BOOKS 17: CLAUDE LÉVI-STRAUSS'S TRISTES TROPIQUES
WITH DENIS HOLLIER
Claude Lévi-Strauss Tristes Tropiques is one of the great books of the 20th century: intellectually bold, morally capacious, and it aims to understand nothing less than the elemental workings of the human mind. Ostensibly a travelogue and ethnographic account of a European's fieldwork among indigenous people in mid-20th century Brazil, it is a work of impassioned curiosity and, even though it's a pessimistic diagnosis of the damage humans (especially Europeans) have inflicted on the planet, it's brimming with hope. The hope to grasp the essence of who we are and we continue to be below the threshold of thinking and above society: call it beauty, call it wisdom, call it human.

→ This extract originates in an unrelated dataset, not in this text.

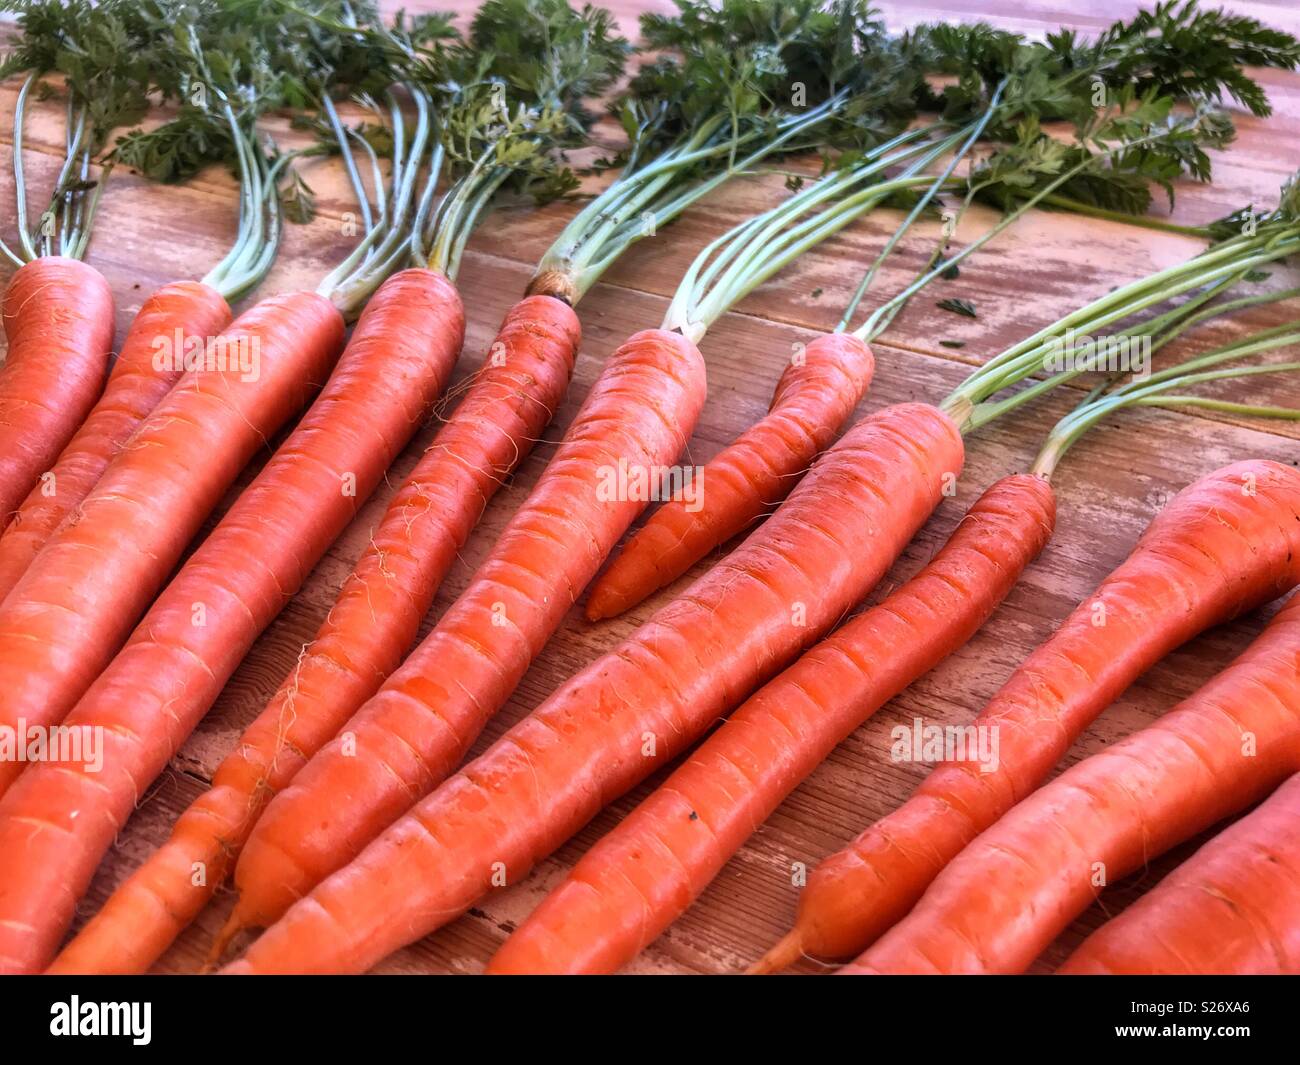 Fresh produce, Organic carrots with carrot greens, high angle view Stock Photo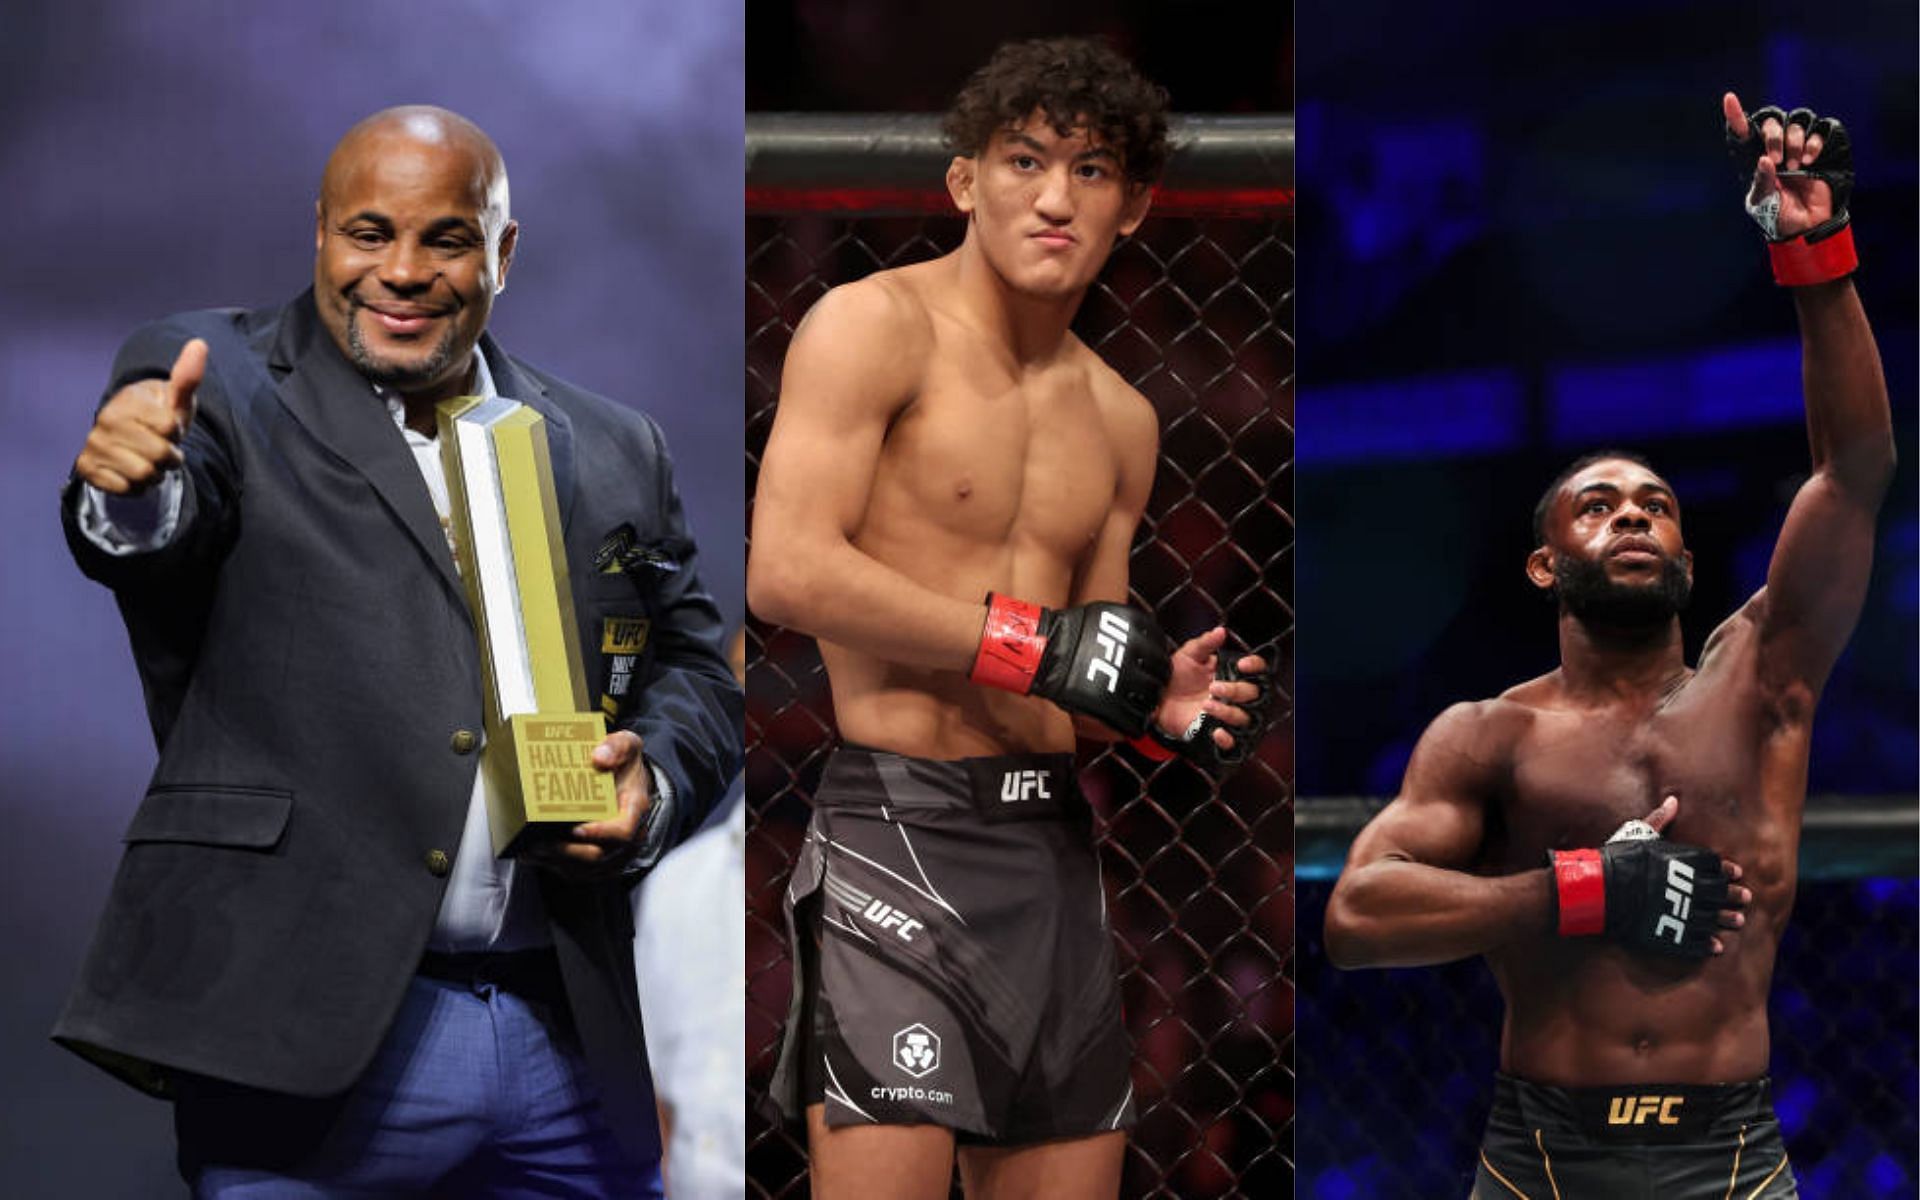 From left to right: Daniel Cormier, Raul Rosas Jr., and Aljamain Sterling

Claude Lévi-Strauss invented the field of structural anthropology. In the 1930s he set out to Brazil and studied the indigenous cultures there. Guided by his three deities of Freud, Marx, and geology (all examining the substrata of our existence), he found that human beings make sense of their place in the world - whether they are Parisian living in mid-20th century Europe or indigenous nomadic tribes in the plains and rain forests of South America - through myths that follow certain patterns. What he wrote is a reflection on the devastation Europe wreaked around the world, and whether by studying and thinking with indigenous cultures, we may locate a position from which to think about our own situation in an increasingly overpopulated world.
For Lévi-Strauss myths are not fairytales or children's stories to delight or frighten us. Myths are the deeper patterns by which we make sense of our existence. They are different in all cultures but have underlying shared and universal structures. By recognizing how other cultures make sense of their place in the world, we learn that we, too, rely on similar patterns to make sense of ours. He has startling things to say in this book, for instance that freedom is neither a legal invention nor a philosophical conquest, but deeply linked to the material conditions of a given human's life on earth.
I spoke with Denis Hollier, an expert of French literature, philosophy and culture, about Lévi- Strauss’s radical reinterpretation of what constitutes a culture, about his pessimism, about his relation to academic philosophy, existentialism and deconstruction, and about what we may learn from this giant of a mind who shaped thinkers in all disciplines.